Segment Start: SUPPLIED INFORMATION

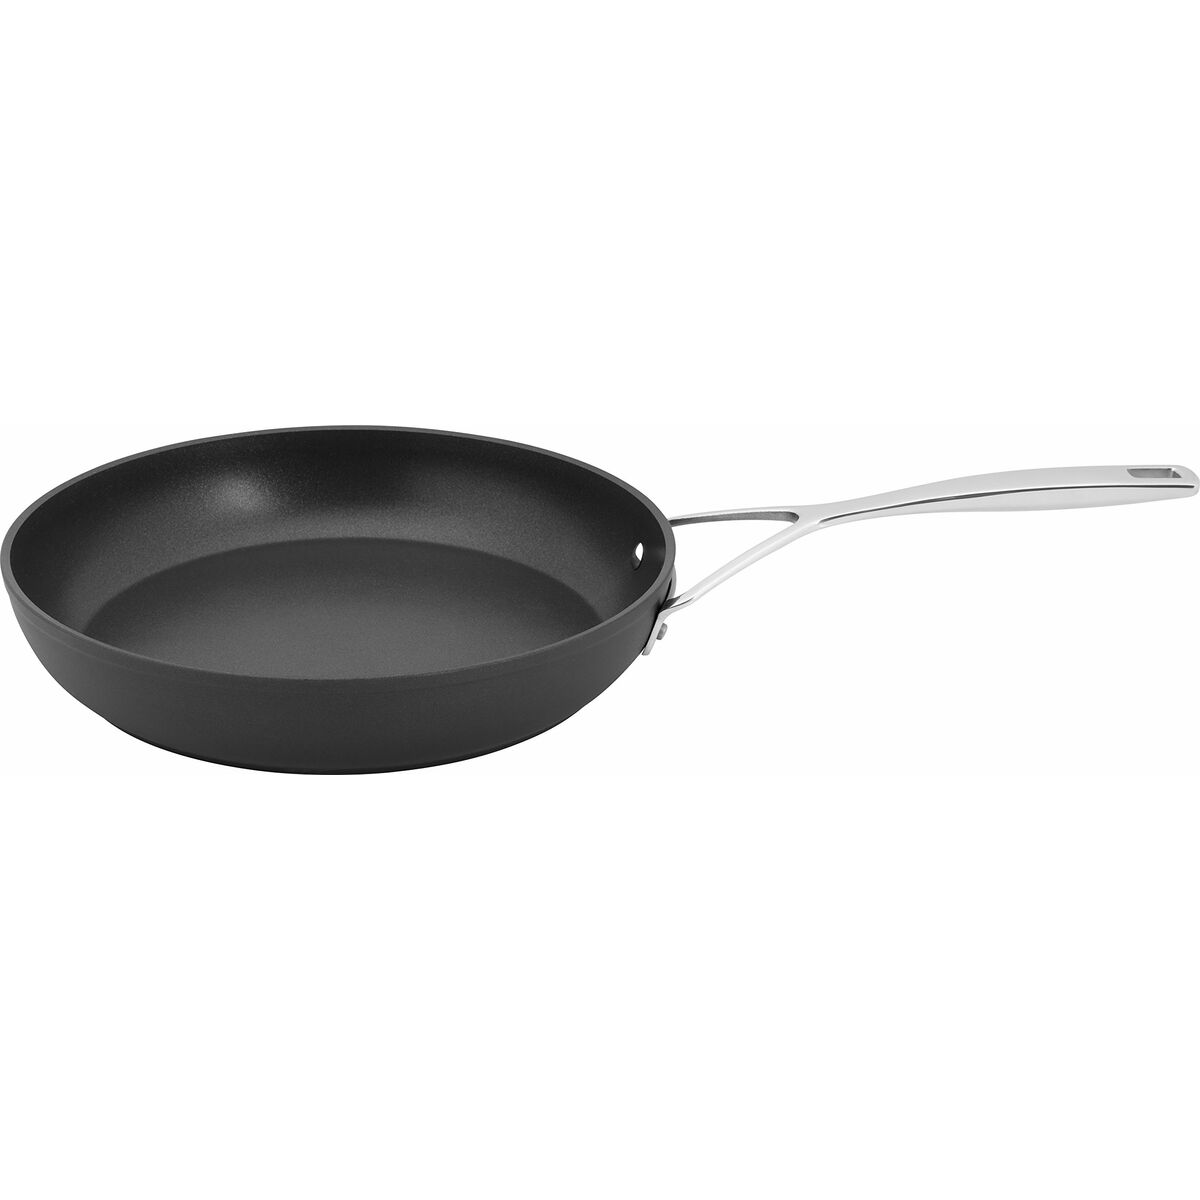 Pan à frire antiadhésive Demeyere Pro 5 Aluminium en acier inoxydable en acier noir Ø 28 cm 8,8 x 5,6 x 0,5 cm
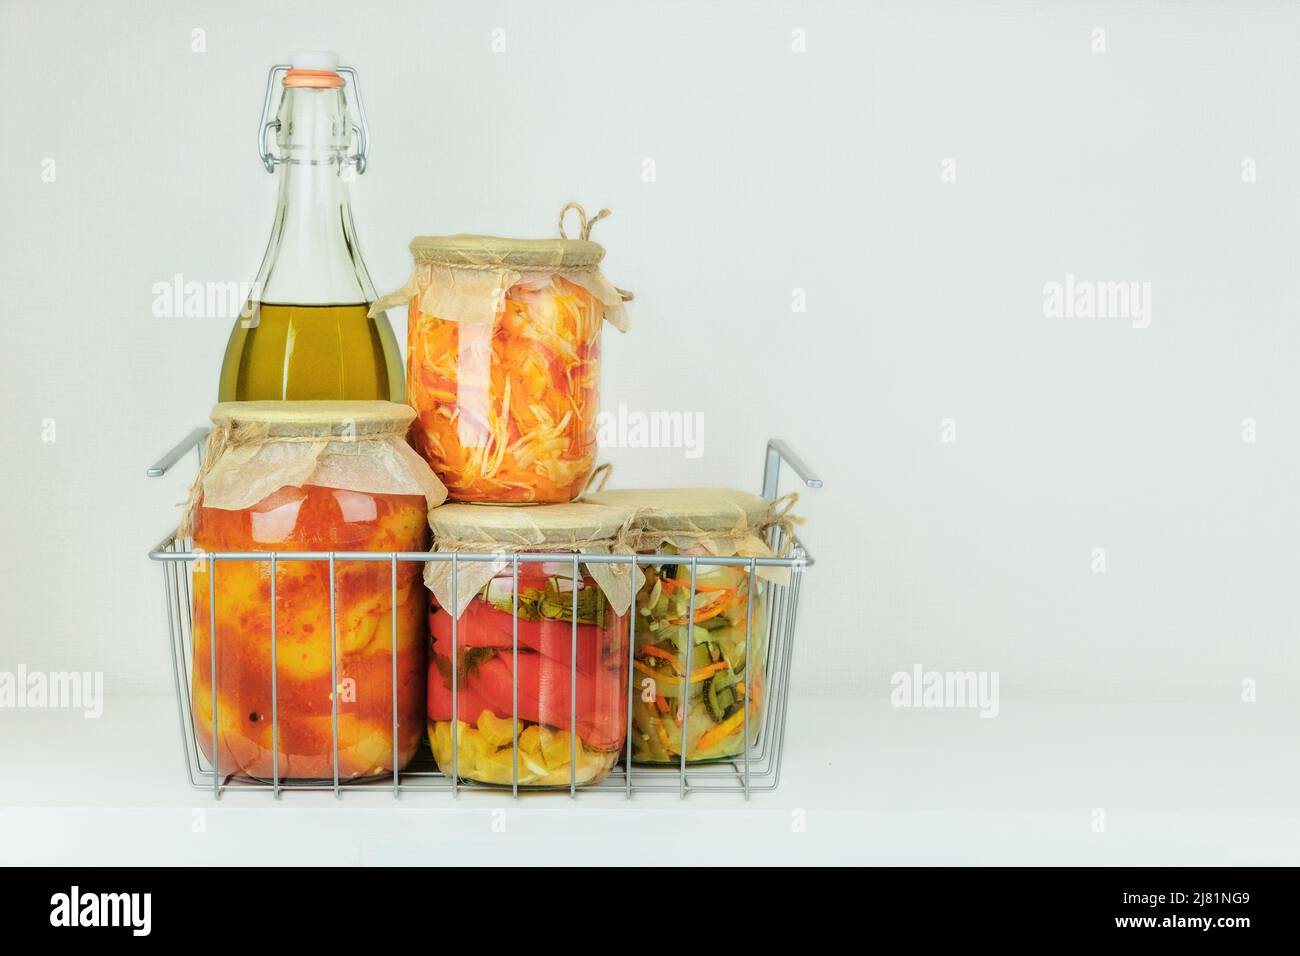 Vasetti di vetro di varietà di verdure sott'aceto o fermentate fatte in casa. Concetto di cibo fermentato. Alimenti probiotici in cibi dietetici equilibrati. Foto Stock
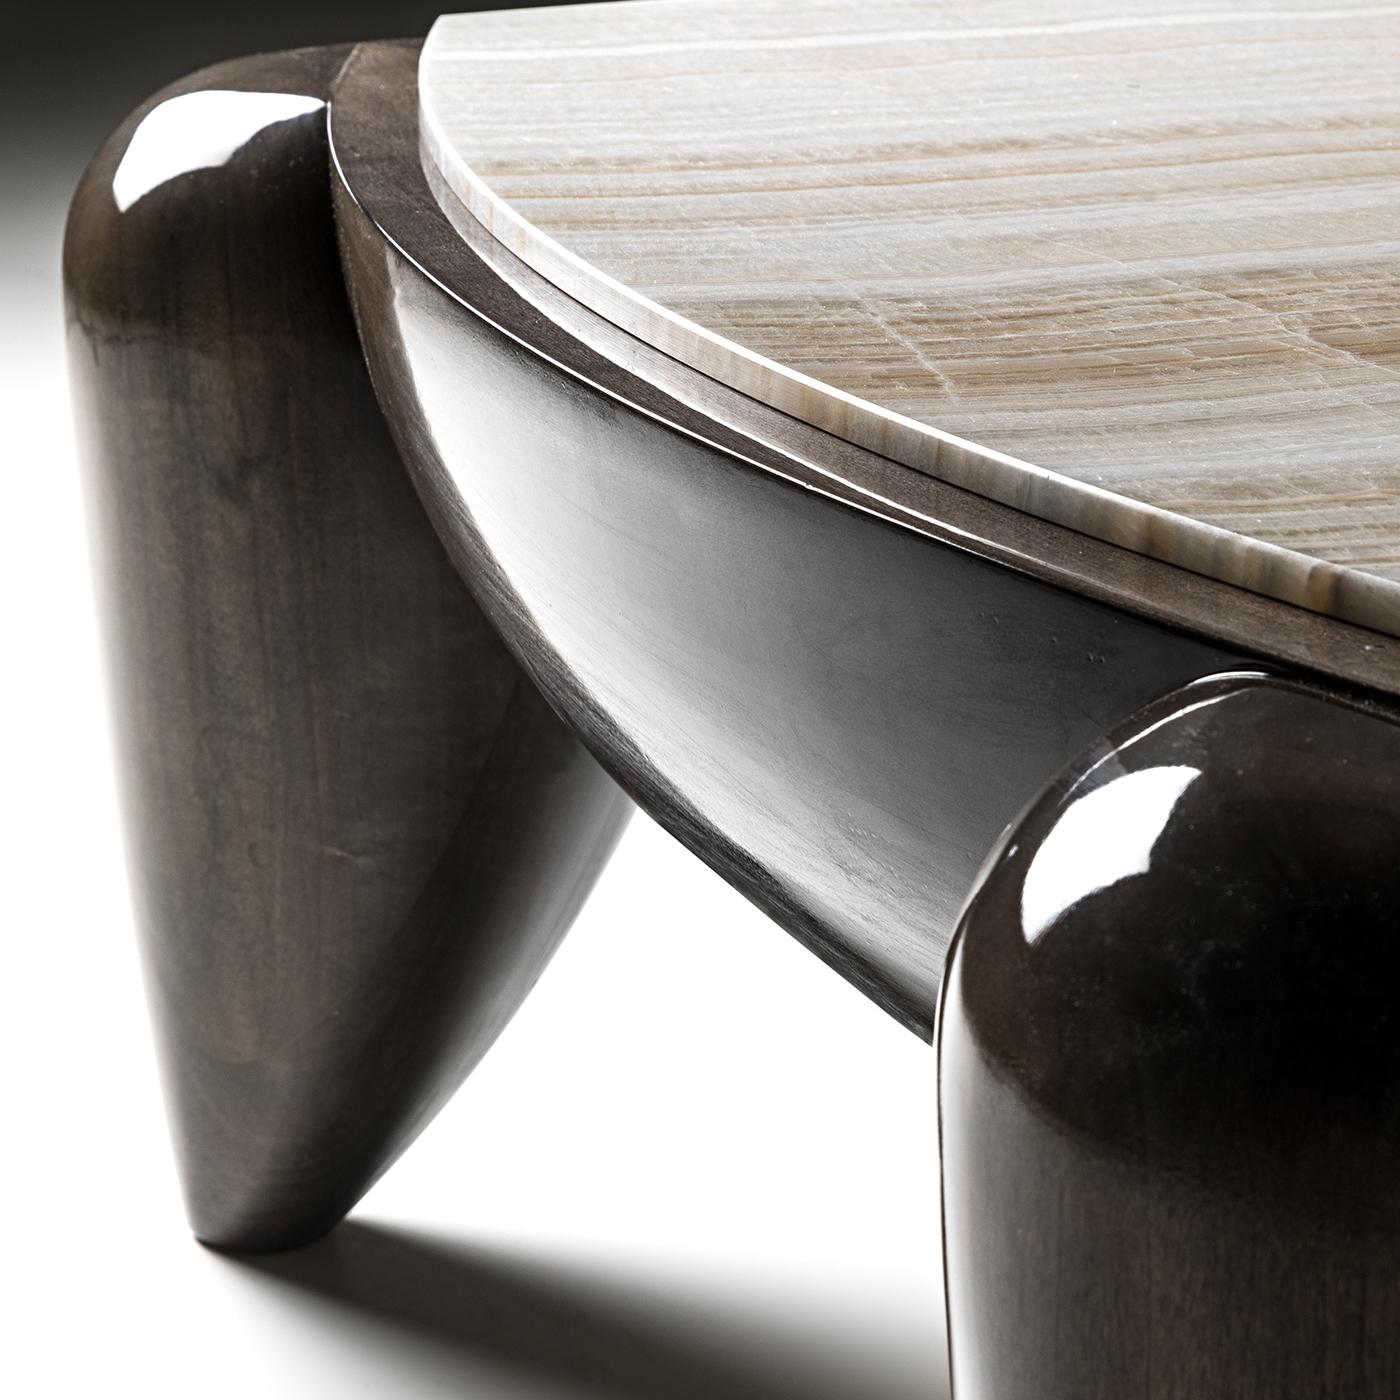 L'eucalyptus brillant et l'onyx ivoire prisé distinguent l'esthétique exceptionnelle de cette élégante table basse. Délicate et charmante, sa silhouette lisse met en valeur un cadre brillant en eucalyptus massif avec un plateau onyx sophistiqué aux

Segment End: SUPPLIED INFORMATION

**TASK OBJECTIVE**
Print the material word for word; images are to be left out.

**WRITTEN REPLY**
 Pan à frire antiadhésive Demeyere Pro 5 Aluminium en acier inoxydable en acier noir Ø 28 cm 8,8 x 5,6 x 0,5 cm
 Vasetti di vetro di varietà di verdure sott'aceto o fermentate fatte in casa. Concetto di cibo fermentato. Alimenti probiotici in cibi dietetici equilibrati. Foto Stock
 L'eucalyptus brillant et l'onyx ivoire prisé distinguent l'esthétique exceptionnelle de cette élégante table basse. Délicate et charmante, sa silhouette lisse met en valeur un cadre brillant en eucalyptus massif avec un plateau onyx sophistiqué aux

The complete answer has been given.